I recently gave my copy to a friend to read and our discussion brought back to me a lot of great moments from this modern classic. Stobrod's transition as a musician is definitely a favorite part of the story. The one scene that stands out to me is where he is asked to play at the bedside for the young girl as she dies. Maybe this is the same part that mandojohnny referenced in the initial post - it's been several years since I read the book. Anyways, Stobrod realizes the power and emotion of music - brilliant stuff. 
 Also, highly recommended: Corelli's Mandolin by Louis de Bernier - one of my favorite books of all time. I was fortunate enough to read the novel before the film came out.

----------


## ira

never read that book either...movie seemed to sappy in previews so missed that too.

----------


## kvk

Saw the movie; it's worth seeing. Have the sound track CD. Love the soundtrack. "Great High Mountain" from that album is one of my favorite tunes. Just wish I knew how to sing like that.

----------


## Moose

I didn't read the book or see the movie ; BUT, after scanning this "thread" - and the contributions to it - I realize there are others who share my "feelings" of MUSIC. Words cannot adquately describe it..; I've given up trying to explain these things to my wife (or others). Thanks for sharing ; Good to know I'm NOT...alone. Moose.

----------


## Tim

> never read that book either...movie seemed to sappy in previews so missed that too.


Are you talking about "Cold Mountain" (the overall thread topic) or "Corelli's Mandolin" in the post just prior to yours?

----------


## ira

re: sappy= capt corelli's , i saw the cold mountain movie

----------


## glauber

If i remember the Capt Corelly movie right, it was actually pretty good. Kind of a anti-war theme.

----------


## Leftyman

Thankfully I read both Capt Coreli, and Cold mountain, before seeing the films.I rate both books as classics and certainly worth reading again.As for the films they did the books no justice.Capt Coreli in particular was pretty bad and missed the point of the book.In my opinion,and for what its worth.

----------


## luckylarue

I agree w/ Lefty re: Corelli's Mandolin. I would be a hard to read now and NOT picture Nicolas Cage and whatshername as the main characters - and I've never seen the film. It's a shame as I'd put it up there w/ 100 Years of Solitude. Re: Cold Mountain, I thought they did a respectable job w/ the movie - not great, but decent.

----------


## John Ritchhart

If you actually go to Cold Mountain in N.C. you will get that spooky feeling you sense in the book, or at least I did.

----------


## John Ritchhart

My favorite quote is from Ruby. "They say this war is a cloud over the land. They make the weather and stand in the rain and say, s***, it's rainin'". Seems topical today to me.

----------


## John Flynn

> If you actually go to Cold Mountain in N.C. you will get that spooky feeling you sense in the book, or at least I did.
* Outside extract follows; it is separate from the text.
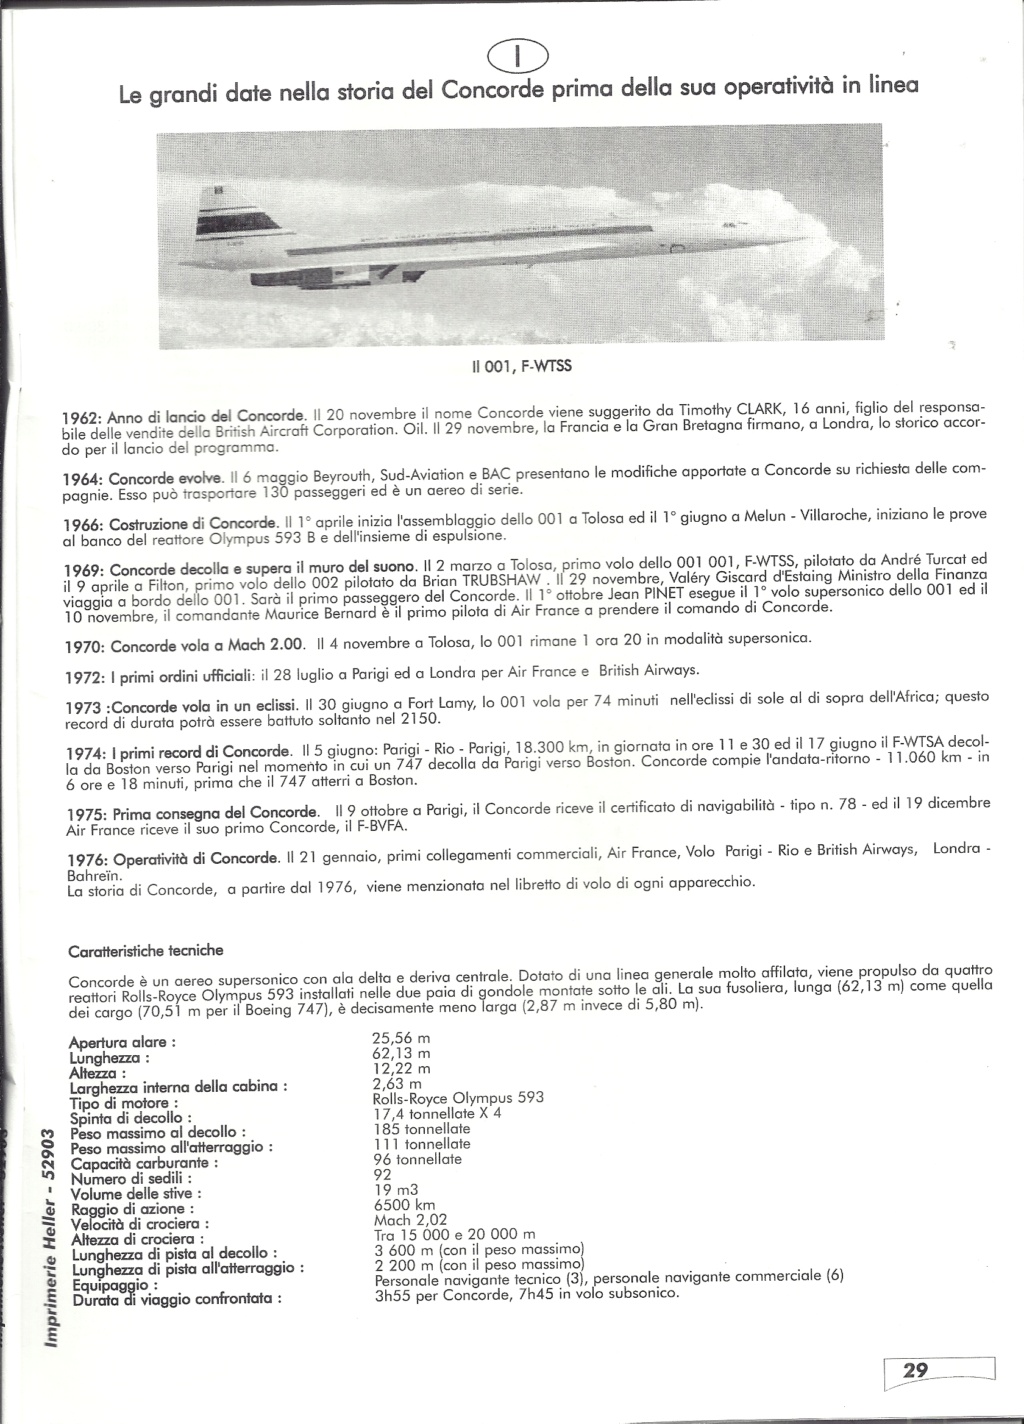 SUD AVIATION - BRITISH AIRCRAFT CORPORATION  CONCORDE 1/72ème Réf 52903 Notice Hell2279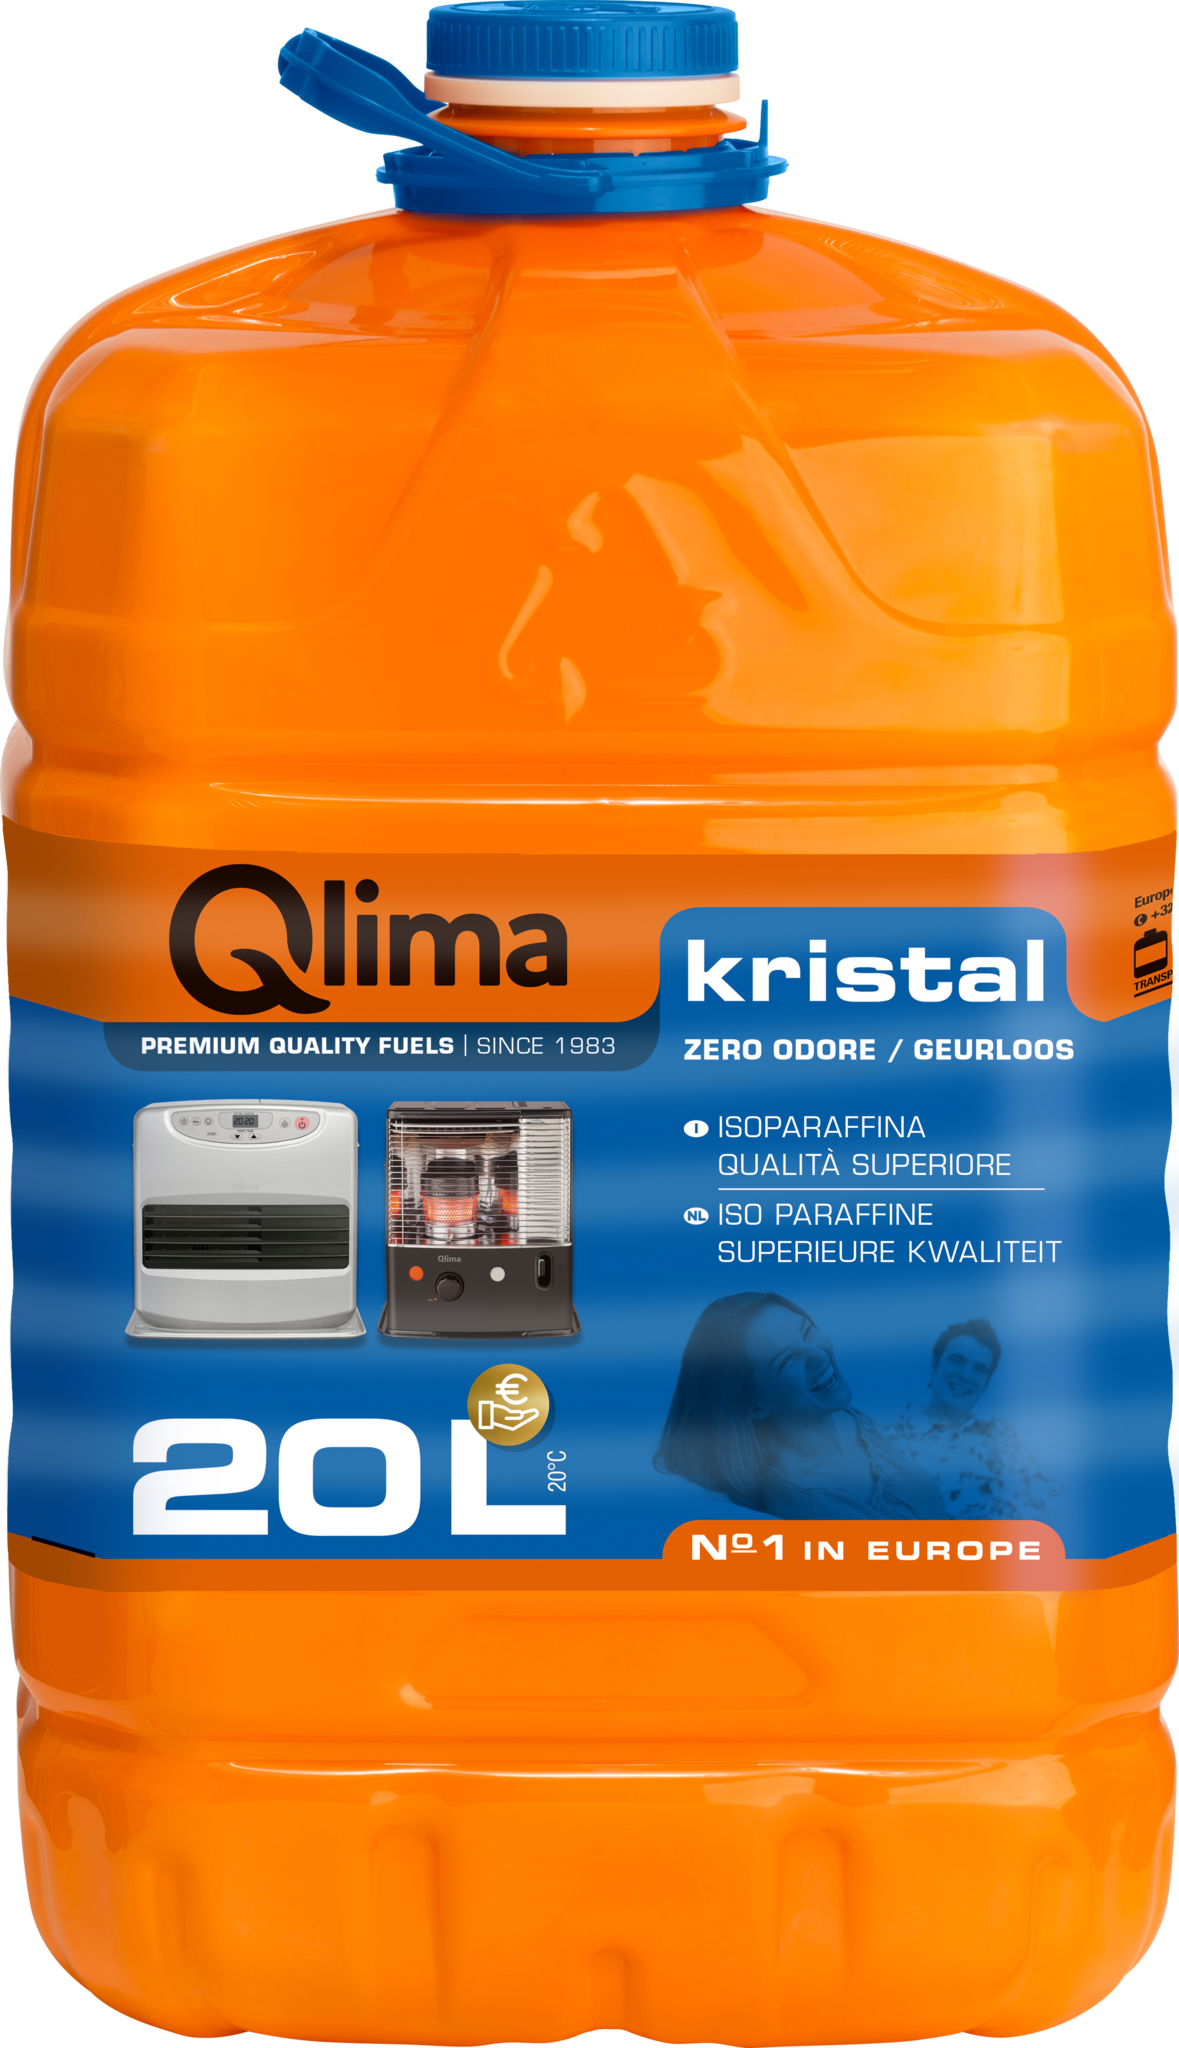 Kiwi marketing extract Qlima geurloze kachelbrandstof Kristal 20 liter | Climatewebshop.com

If you wanted the spooky feeling you sense in the movie, instead of the book, you would have to go to Romania, where it was filmed! I wonder how Ruby would have reacted to:

"I am Dracula, and I bid you welcome..."

----------


## glauber

I'm making a note to read the Captn Corelli book sometime.

----------


## billkilpatrick

much better than the film but the film didn't deserve the drubbing it got from the cynics/critics.

----------


## mando bandage

The passage Johnny quoted seems to relate to another sensation that I have from time to time when I will have a song running through my mind that captures a particular emotion I am just about to experience. Seems like the song is triggered before the cognitive recognition (is that redundant?) of the emotion. It's either a musical premonition or I'm slow-witted, and perhaps an equal measure of both.



R

----------


## glauber

> [C Corelli] much better than the film but the film didn't deserve the drubbing it got from the cynics/critics.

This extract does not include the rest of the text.